TASK TO COMPLETE -> Return the listing below exactly as it stands. Pictures stay out.

SUPPLIED DATA ->
>>>>

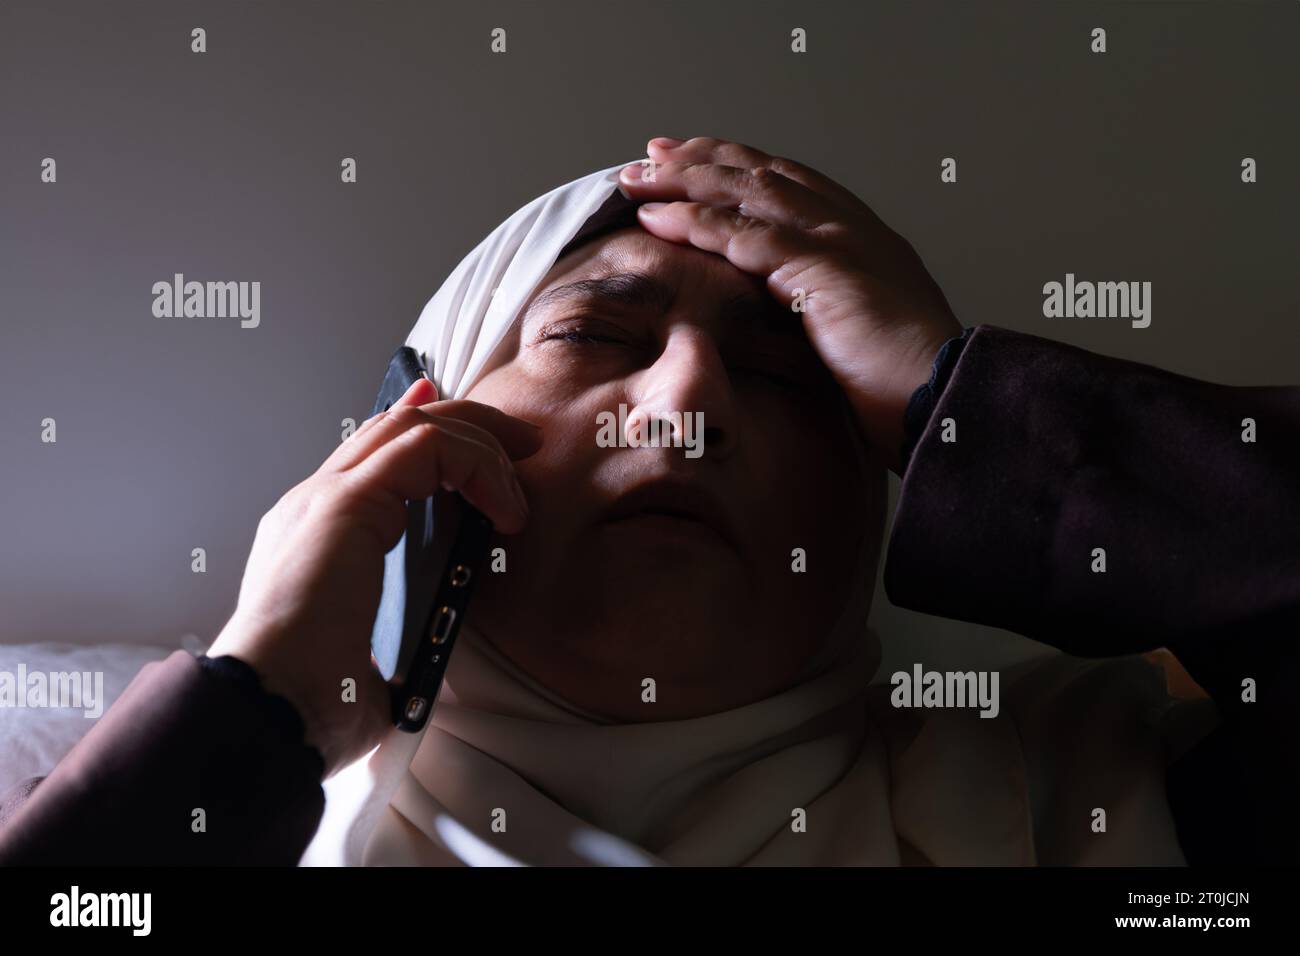 A Muslim woman was informed by phone call of shocking news or misfortune, and her expression shows helplessness and fear. Stock Photo
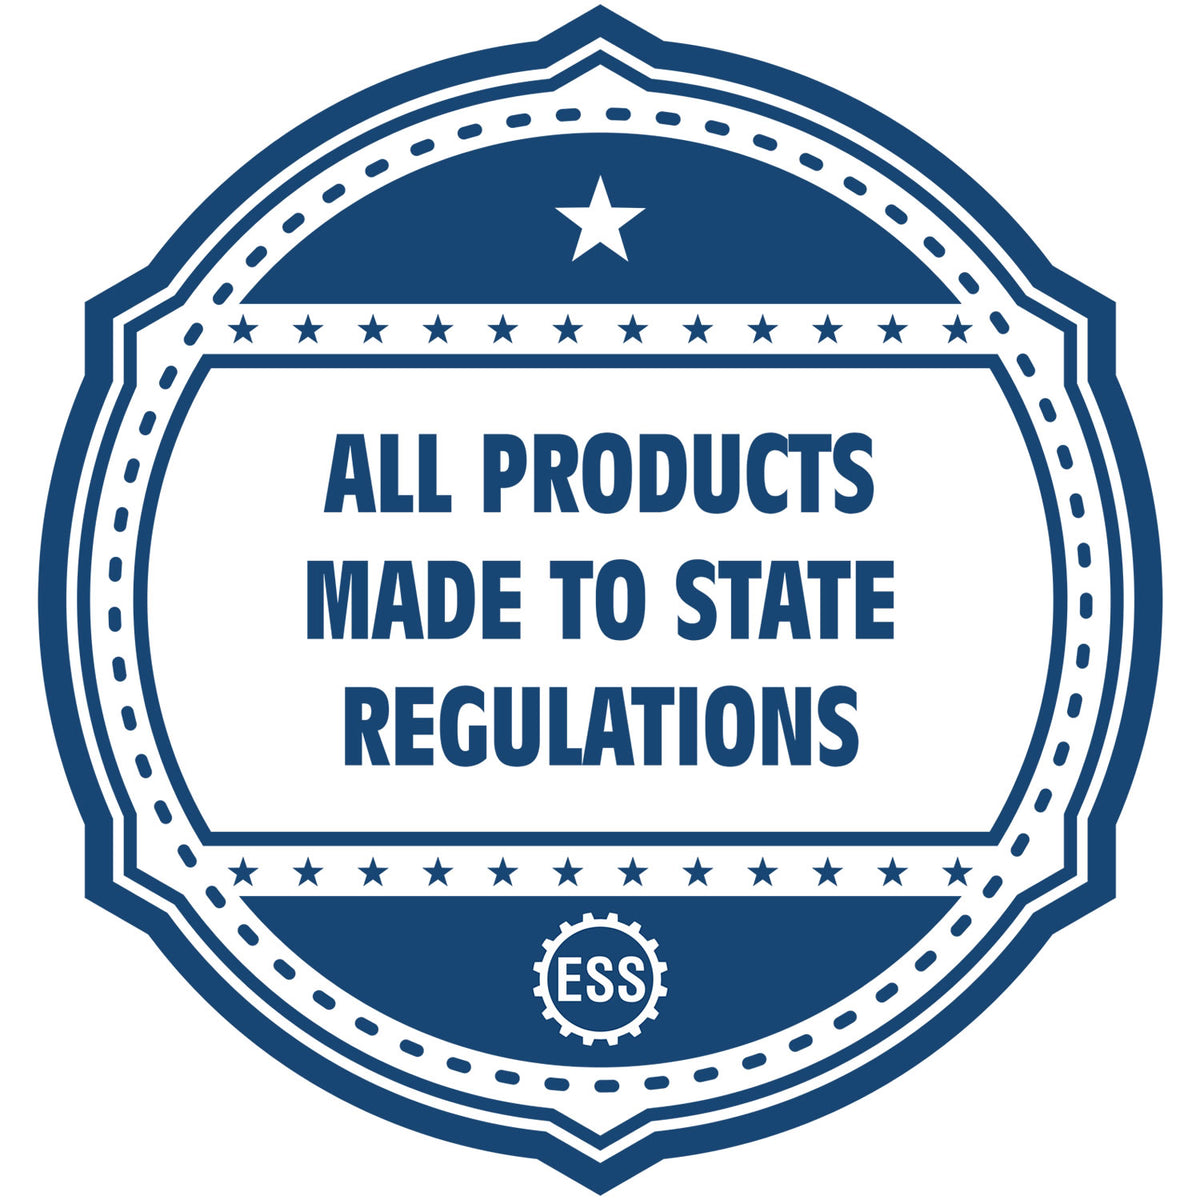 An icon or badge element for the Soft Nebraska Professional Engineer Seal showing that this product is made in compliance with state regulations.
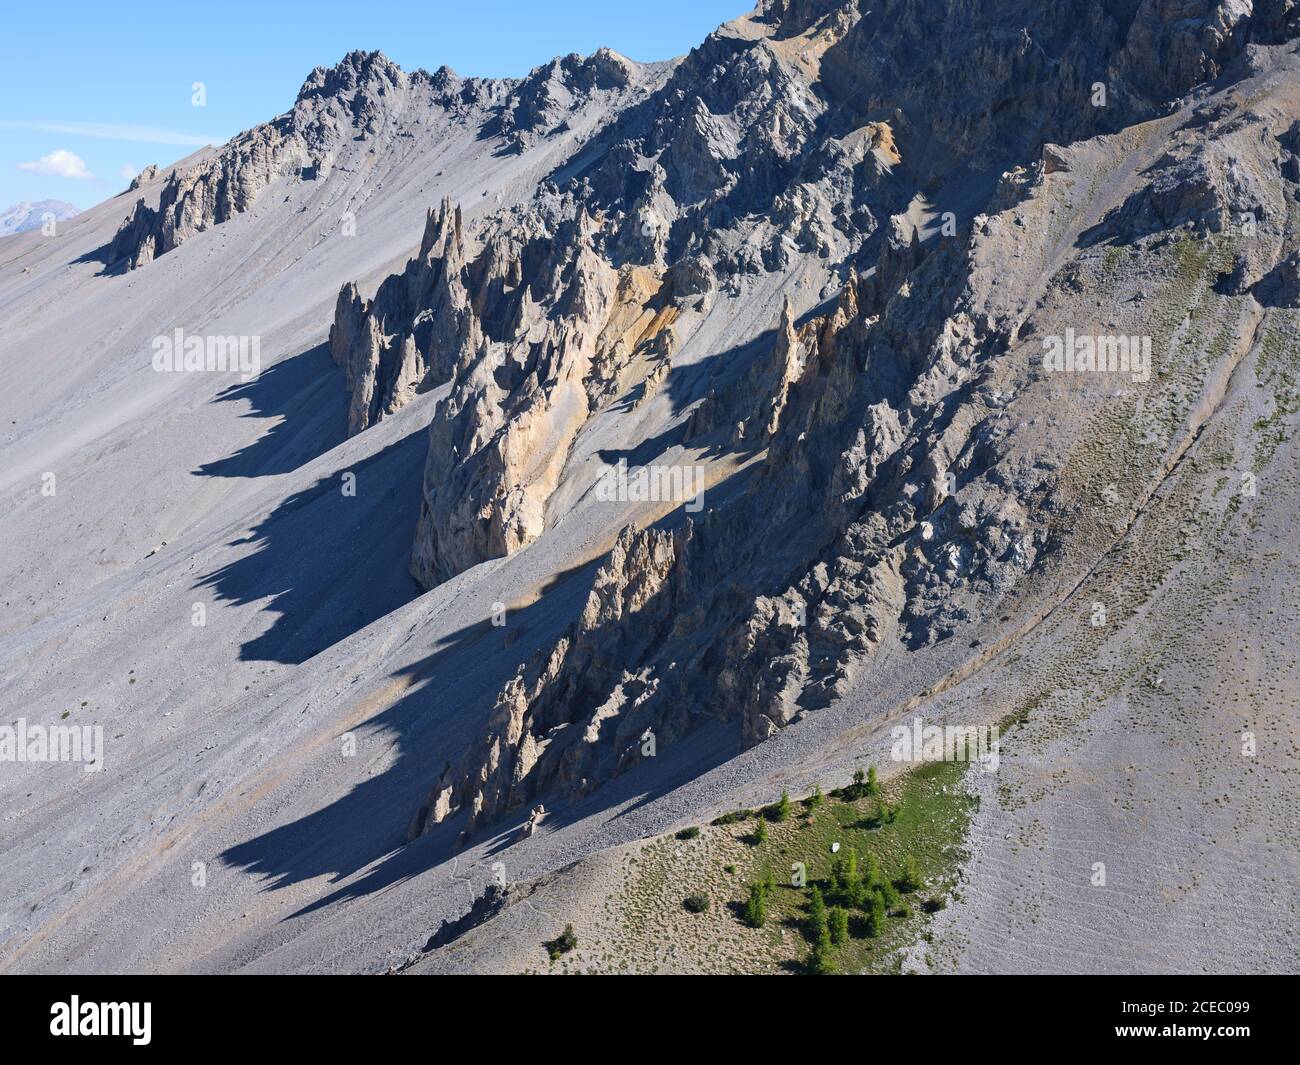 AERIAL VIEW. Barren landscape of eroded pinnacles and a large slope of scree. La Casse Déserte, Col Izoard, Arvieux, Hautes-Alpes, France. Stock Photo

<<<<

SOLUTION TO THIS TASK ->
 A Muslim woman was informed by phone call of shocking news or misfortune, and her expression shows helplessness and fear. Stock Photo
 An icon or badge element for the Soft Nebraska Professional Engineer Seal showing that this product is made in compliance with state regulations.
 AERIAL VIEW. Barren landscape of eroded pinnacles and a large slope of scree. La Casse Déserte, Col Izoard, Arvieux, Hautes-Alpes, France. Stock Photo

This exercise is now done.